MOLD… literally, is a growing concern. National media attention has alerted the public to the destructive and possibly toxic dangers of hidden mold spores that could affect their family’s health and their homes. EPA studies indicate that air levels of indoor pollutants may be two to three times higher than outdoor levels. Mold, the most dangerous offender of all, often goes undetected because of its invisibility. Most people spend as much as 90% of their time indoors and are not aware of the health hazards created by this pollutant. You owe it to yourself to minimize your exposure to mold spores in your indoor environment, test for mold today!

How can someone be exposed to MOLD?

There are several ways you can become exposed to mold:

  • Breathing in the spores from the air
  • Skin contact from handling an item that has mold growing on it
  • Eating without properly washing your hands after handling moldy objects

Can MOLD cause health problems?

Mold has the potential to cause health problems and even make a home uninhabitable. However, everyone is affected differently when in contact with mold. The mold that may not bother the seller may severely affect the buyer. Some mold can produce allergens, irritants and, in some cases, potentially toxic chemical substances known as mycotoxins. People who are sensitive and exposed to mycotoxins can become ill.

Allergic reactions to mold are common. They can be immediate or delayed. People diagnosed with allergies and asthma may be very sensitive to mold. Mold can cause asthma attacks. Others at risk might include: infants, children, the elderly, patients who have a deficient immune system, pregnant women and individuals with existing respiratory conditions.

With exposure, even in small amounts, mold may cause:

  • Itching or irritation of the nose, eyes, throat or skin
  • Mysterious skin rashes
  • Sinus infections, congestion and/or sinusitis (runny nose)
  • Respiratory problems (sneezing and coughing)
  • Fatigue
  • Frequent headaches
  • Trouble concentrating, memory lapses and/or confusion
  • Mood swings, anxiety and/or depression
  • Chronic aches and pains
  • Digestive problems

Where is MOLD found in the home?

Mold can be found in several areas in the home environment. It appears most often in moist areas as little black circles or thread-like white objects. It is usually accompanied with a musty-type odor.
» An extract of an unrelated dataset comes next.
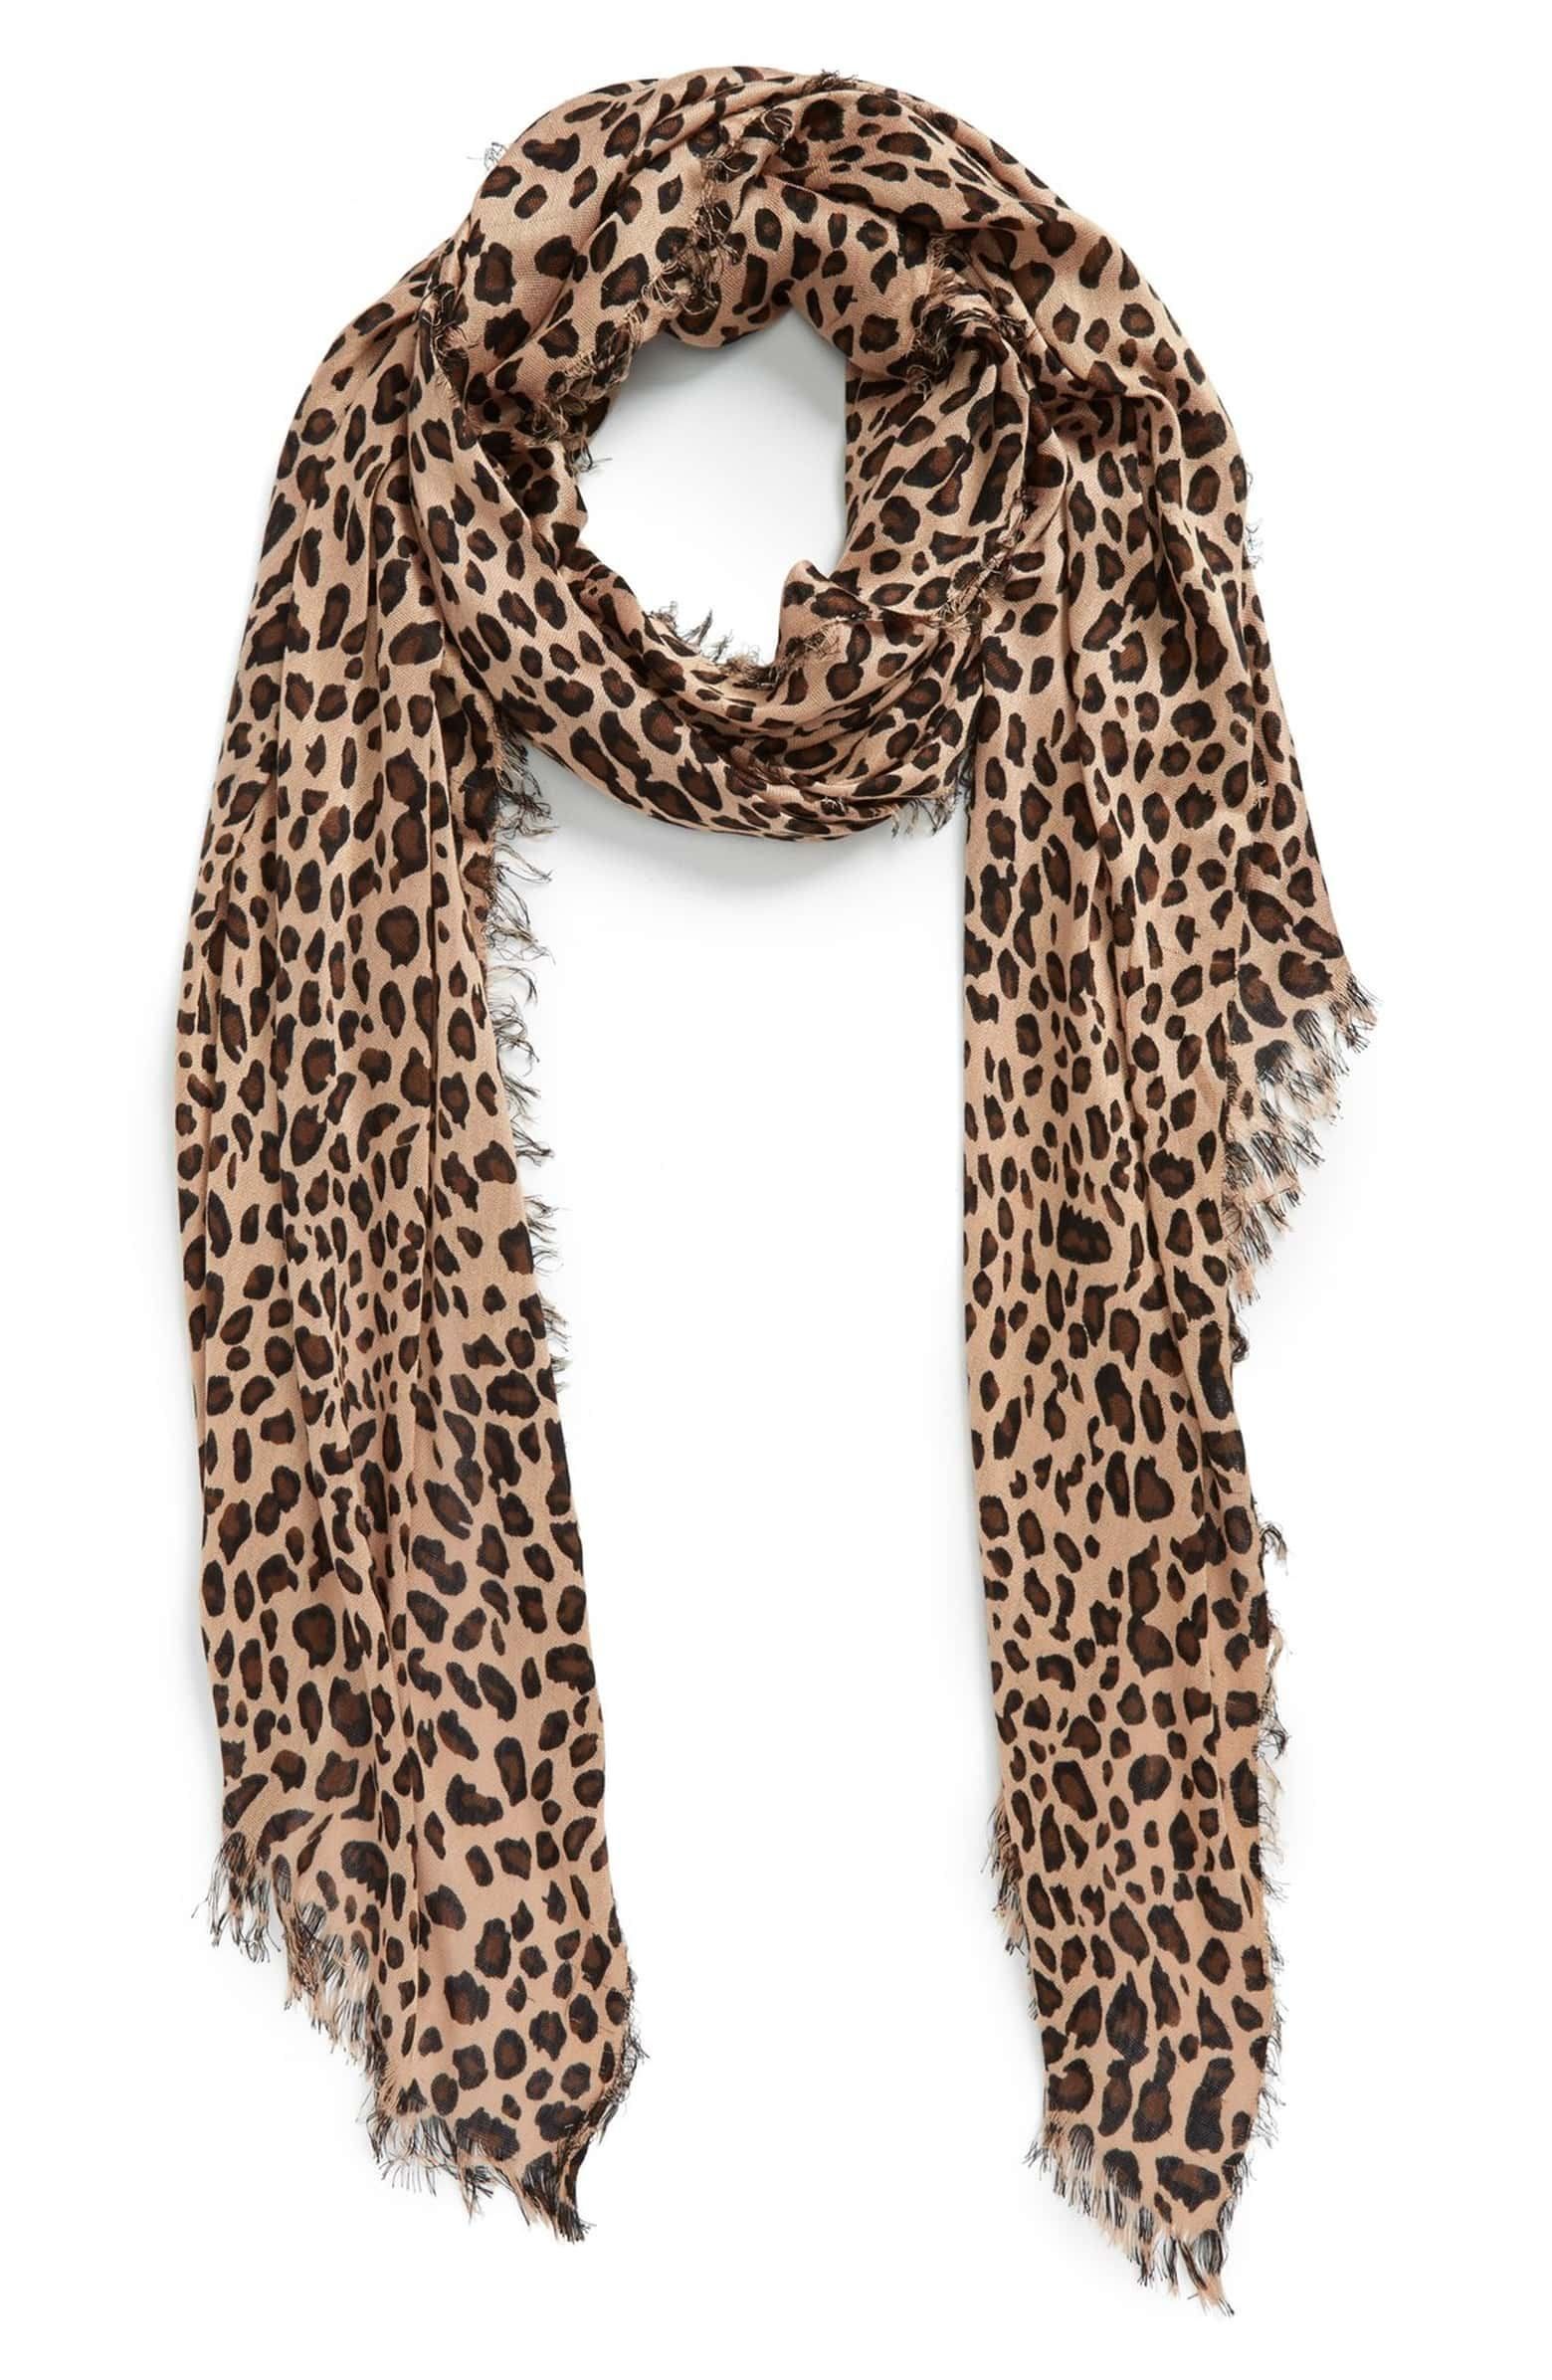 Leopard scarf to beat winter in a
different way

Outdoors, mold plays a natural part in the environment by breaking down dead organic matter such as dead trees or fallen leaves.

Mold reproduces by means of microscopic spores; the spores are invisible to the naked eye and float through the indoor and outdoor air. Mold begins to grow indoors when mold spores land on surfaces that are wet or damp. Mold will not grow without water or moisture. Therefore, it is important to dry water-damaged areas and items within 24-48 hours to prevent mold growth.
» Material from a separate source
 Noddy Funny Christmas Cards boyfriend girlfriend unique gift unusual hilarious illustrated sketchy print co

Some examples of places where mold can be found inside the home include:

  • Basements, kitchens (bottom of fridge), around bathroom vanities, washer/dryer area
  • The underside of carpets and pads
  • The surface of walls behind furniture (where condensation forms)
  • Ceilings and the top side of ceiling tiles
  • Front and back side of dry wall, wall paper or paneling
  • Inside HVAC systems and duct work
  • Clothing
  • Food

Testing for MOLD

There are several methods used today to test for mold. Two of the most common are direct culture and air spore sampling. With direct culture, a sample is collected using a swab and sent to a lab for analysis. The swab is then plated on media that elicits growth. When the mold has matured sufficiently, lab personnel are then able to identify it. This is the preferred method when there is visible mold present. The draw back to this method is that it can take up to 14 days to grow and identify the type of mold, if any.

With direct sampling, a device used to capture mold spores is attached to an aspiration device (pump). The pump sucks the air through the device for a specific amount of time and a specific volume of air. The device is then sent to the lab for analysis. The lab personnel count each type of mold spore and a quantitative comparison is done between indoor and outdoor sample. This is the preferred method when timing is important and if it is unclear whether or not mold is present. The drawback to this method is that it takes a minimum of two samples, an indoor and outdoor sample, which can be expensive.

How can I reduce or eliminate MOLD inside my home?

It is impossible to completely eliminate all mold and mold spores indoors. Mold will always be found floating in the air and in house dust. Indoor mold growth can be prevented by controlling water and moisture indoors. The following may prevent or reduce indoor mold growth:

  • Repair any water leaks
  • Provide good air circulation
  • All HVAC systems should have a good electrostatic filter on the return
  • Use bathroom, kitchen and laundry room exhaust fans
  • Insulate and ventilate attic and crawl space areas
  • Clean, dry or remove items that are damaged by water immediately.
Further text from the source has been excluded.